The Semantic War by Bill Clothier


THE SEMANTIC WAR

By BILL CLOTHIER

Illustrated by WES

[Transcriber's Note: This etext was produced from
Galaxy Science Fiction November 1955.
Extensive research did not uncover any evidence that
the U.S. copyright on this publication was renewed.]


Perhaps there have been causes for slaughter
just as silly as this was—but try to find one!


The rain pours down chill out of a sullen sky. My pace quickens as I try to regain the relative warmth and shelter of the cavern before I become thoroughly drenched. I cannot afford to catch a cold. All alone as I am and with no medicine, I would stand too great a chance of a quick death. These lowering Oregon skies still hold traces of nameless disease in their writhing cloud tendrils. I am not just afraid of a cold. That would only be the key for some other malady to use and strike me down forever.

I see the cave up ahead and feel a sense of contentment as I draw near and then duck inside its stony mouth. The rain hisses without, but inside it is dry. There is a heavy cow-hide hanging on a peg in the wall and I take it down and wrap it around me. Soon I will be warm. Once more I may stave off my ultimate end.
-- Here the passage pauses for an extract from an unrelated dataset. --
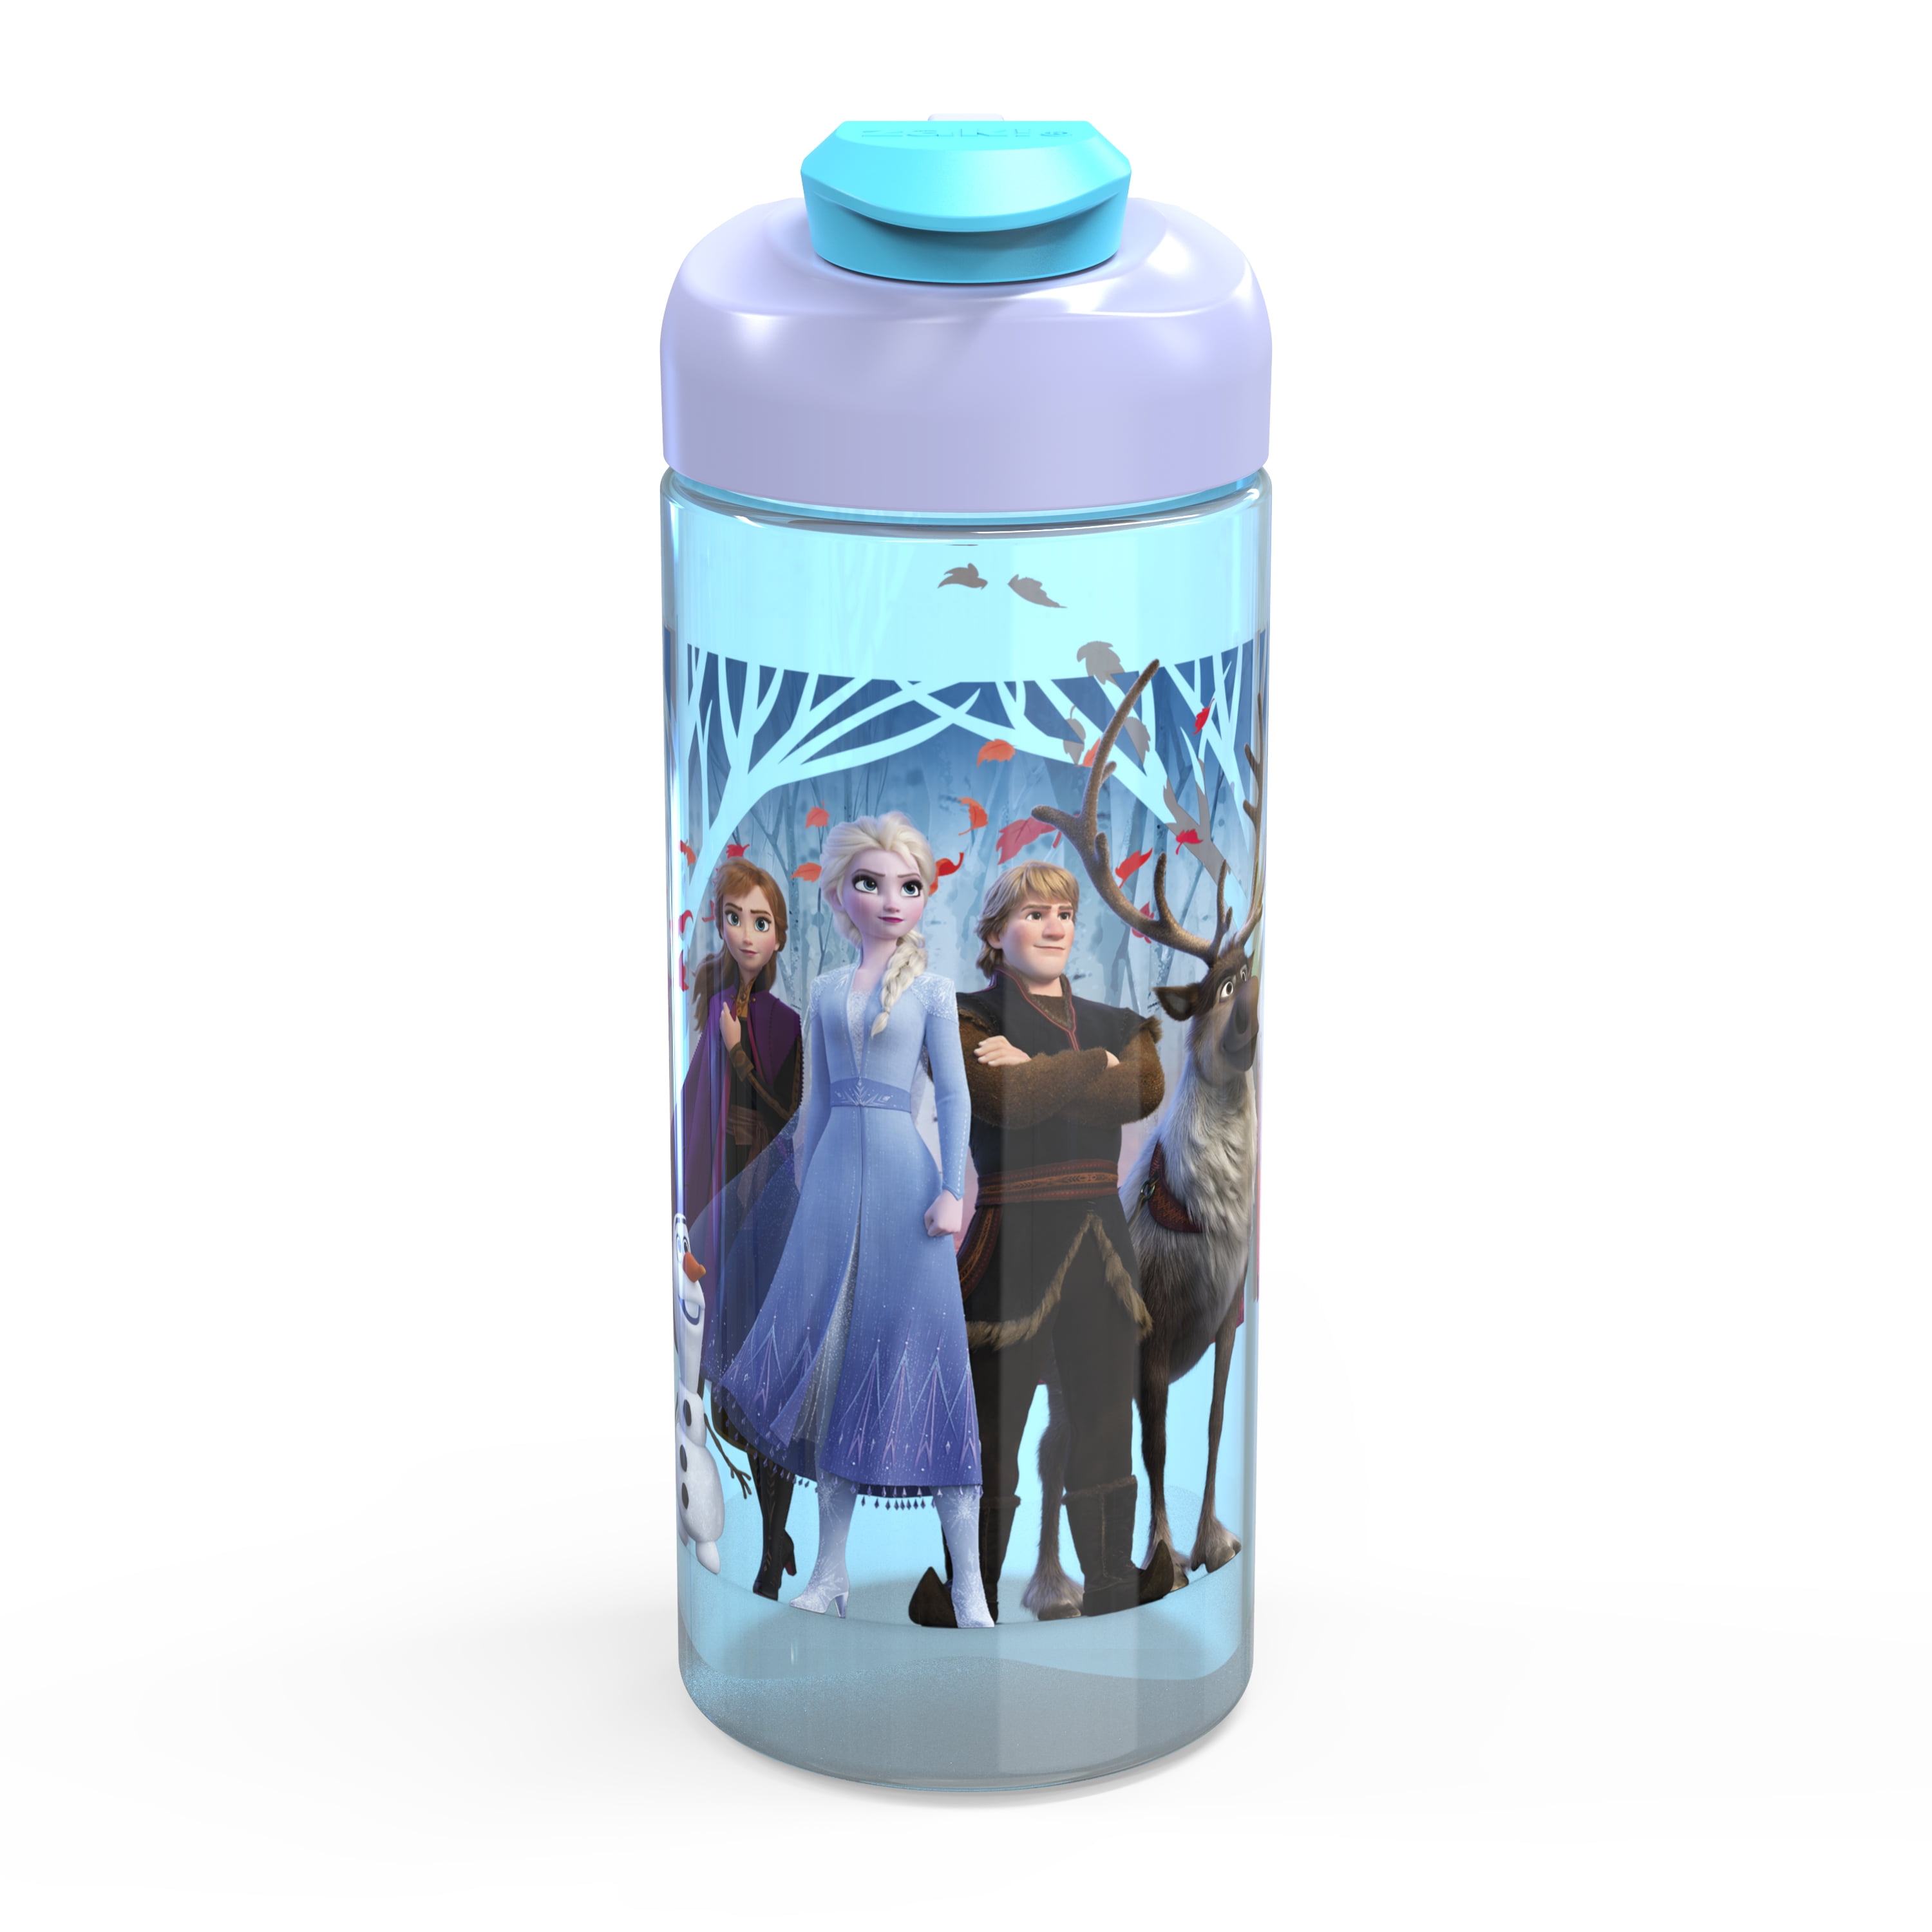 New Disney Store Frozen Fever Elsa Anna Plastic Snack Drink Bottle BPA Free 
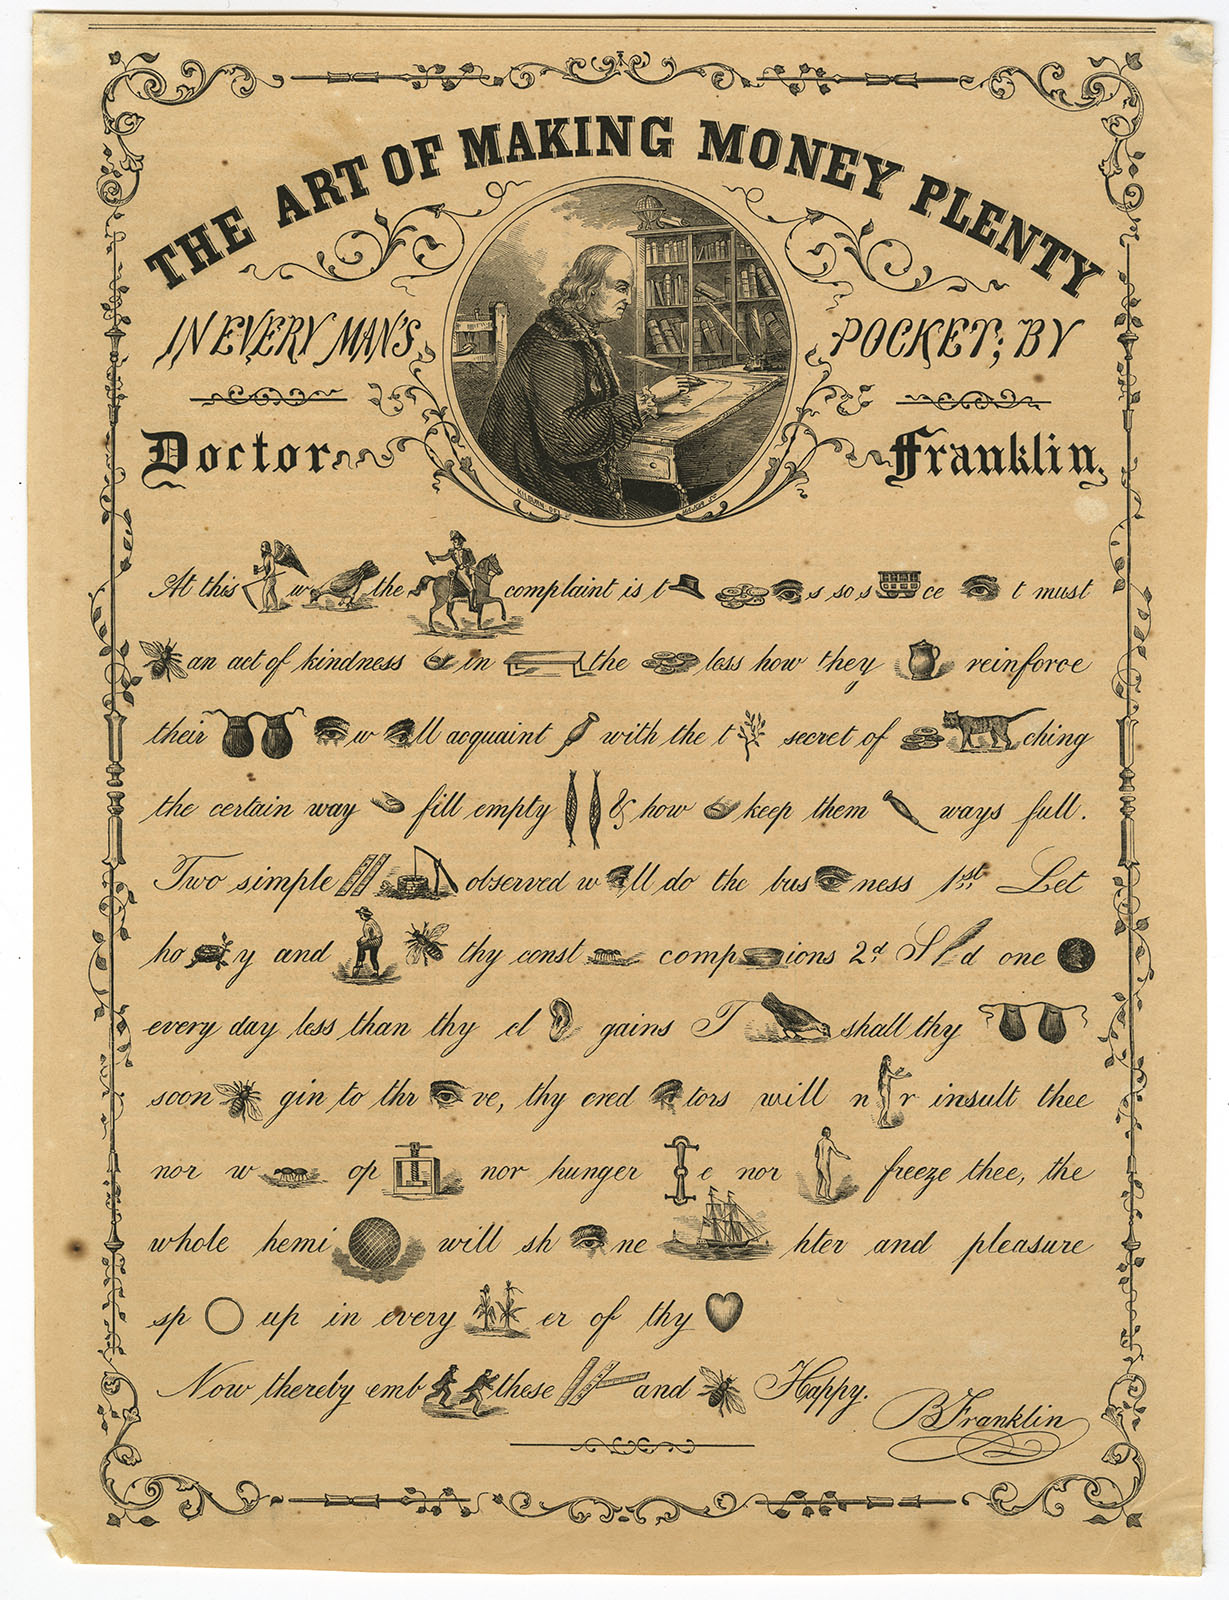 "The Art of Making Money Plenty," in Gleason's Pictorial, v. 6 (1854).

Sometimes I wonder why I wish to put it off. Certainly, according to my old standards, there is no point in living. But somehow I feel that the mere fact of living is justification in itself. Even for such a life as mine.

I didn't always feel this way. But then circumstances change and people change with them. I changed my circumstances more than myself, but I had no alternative. So now I exist.

I suppose I should be content. After all, I am alive and, in my own simple way, I enjoy life. I can remember people who asked nothing more than to be allowed to live—to exist. Ironically enough, I always considered them sub-normal. I felt that a man should strive to do something that would not only perpetuate the happiness of his own life but that of his fellow-men. Something that would make life more beautiful, and easier, and more kind.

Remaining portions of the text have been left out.